EE 360N - Programming Assignment 1 Clarifications

Constants can be expressed in hex or in decimal. Hex constants consist of an 'x' or 'X' followed by one or more hex digits. Decimal constants consist of a '#' followed by one or more decimal digits. Negative constants are identified by a minus sign immediately after the x or #. For example, #-10 is the negative of decimal 10 (i.e., -10), and x-10 is the negative of x10 (i.e. -16).
Since the sign is explicitly specified, the rest of the constant is treated as an unsigned number. For example, x-FF is equivalent to -255. The 'x' tells us the number is in hex, the '-' tells us it is a negative number, and "FF" is treated as an unsigned hex number (i.e., 255). Putting it all together gives us -255.

Your assembler does not have to check for multiple .ORIG pseudo-ops.

Since the .END pseudo-op is used to designate the end of the assembly language file, your assembler does not need to process anything that comes after the .END.

The trap vector for a TRAP instruction and the shift amount for SHF instructions must be positive values. If they are not, you should return error code 3.

The same label should not appear in the symbol table more than once. During pass 1 of the assembly process, you should check to make sure a label is not already in the symbol table before adding it to the symbol table. If the label is already in the symbol table, you should return error code 4.

An invalid label (i.e., one that contains non-alphanumeric characters, or one that starts with the letter 'x' or a number) is another example of error code 4.

The standard C function isalnum() can be used to check if a character is alphanumeric.

After you have gone through the input file for pass 1 of the assembler and your file pointer is at the end of the file, there are two ways you can get the file pointer back to the beginning. You can either close and reopen the file or you can use the standard C I/O function rewind().

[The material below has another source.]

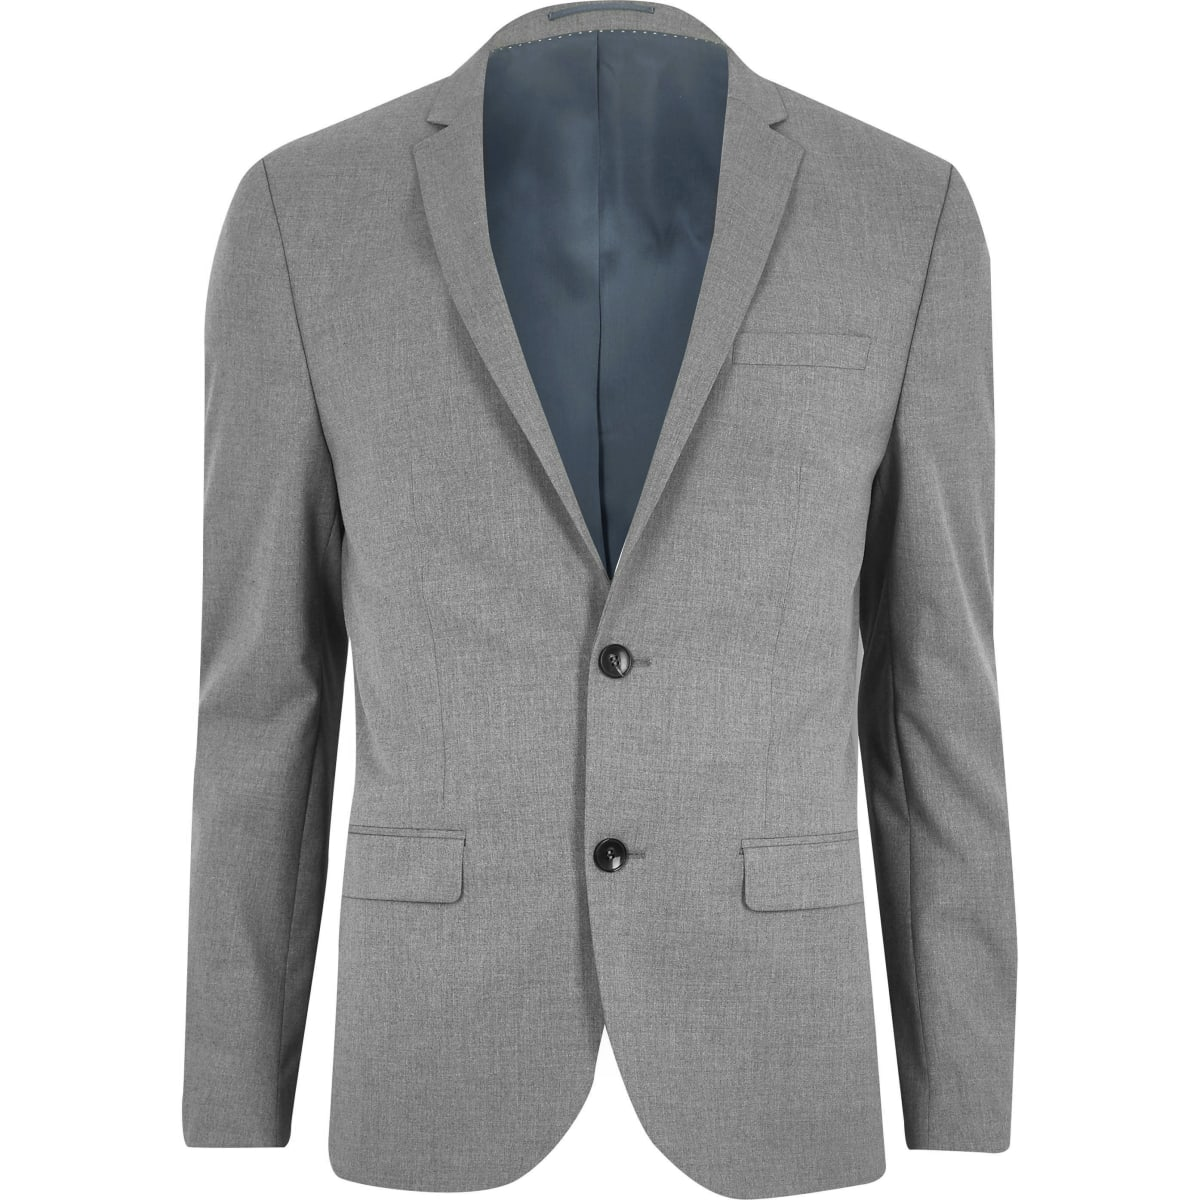 Light grey skinny fit suit jacket

The following definitions can be used to create your symbol table:

#define MAX_LABEL_LEN 20
#define MAX_SYMBOLS 255

typedef struct{
  int address;
  char label[MAX_LABEL_LEN + 1];   /*Question for the reader: Why do we need to add 1? */
} TableEntry;

TableEntry symbolTable[MAX_SYMBOLS];

To check if two strings are the same, you can use the standard C string function strcmp(). To copy one string to another, you can use the standard C string function strcpy().

If you decide to use any of the math functions in math.h, you also have to link the math library by using the command "gcc -lm -ansi -o assemble assembler.c".

The specification for the lab classifies the error "ADD R0, R0, 1" as "invalid operand," error code 4. However, if you use the given toNum function to detect this error while checking a possible immediate operand, it produces error code 3 ("invalid constant"). Therefore, we will accept both error 3 and error 4 for this case.

When your assembler finds an error in the input assembly language program, it is not required that you print out an error message to the screen. If you choose to do this to make debugging easier, that is fine. What is required is that you exit with the appropriate error code. This is what we will be checking for when we grade your program; we will ignore anything that is printed to the screen.

A student pointed out a discrepancy between the lab description and the assembler we posted. It was related to the following example:
```
.ORIG x3000
JSR ADD         ; JSR is parsed as an opcode and then ADD is the undefined label
.END
```
The lab description states that this should be reported as error code 1 (undefined label). The old assembler we posted reported error code 4 instead. We have fixed the problem and have posted the new assembler.

A student pointed out that the toNum() function we provided did not detect errors for examples such as:
```
ADD R1, R1, #Invalid
.FILL xInvalid
```
We have posted a new and improved toNum() function on the useful code page. The use of this new toNum() function is optional.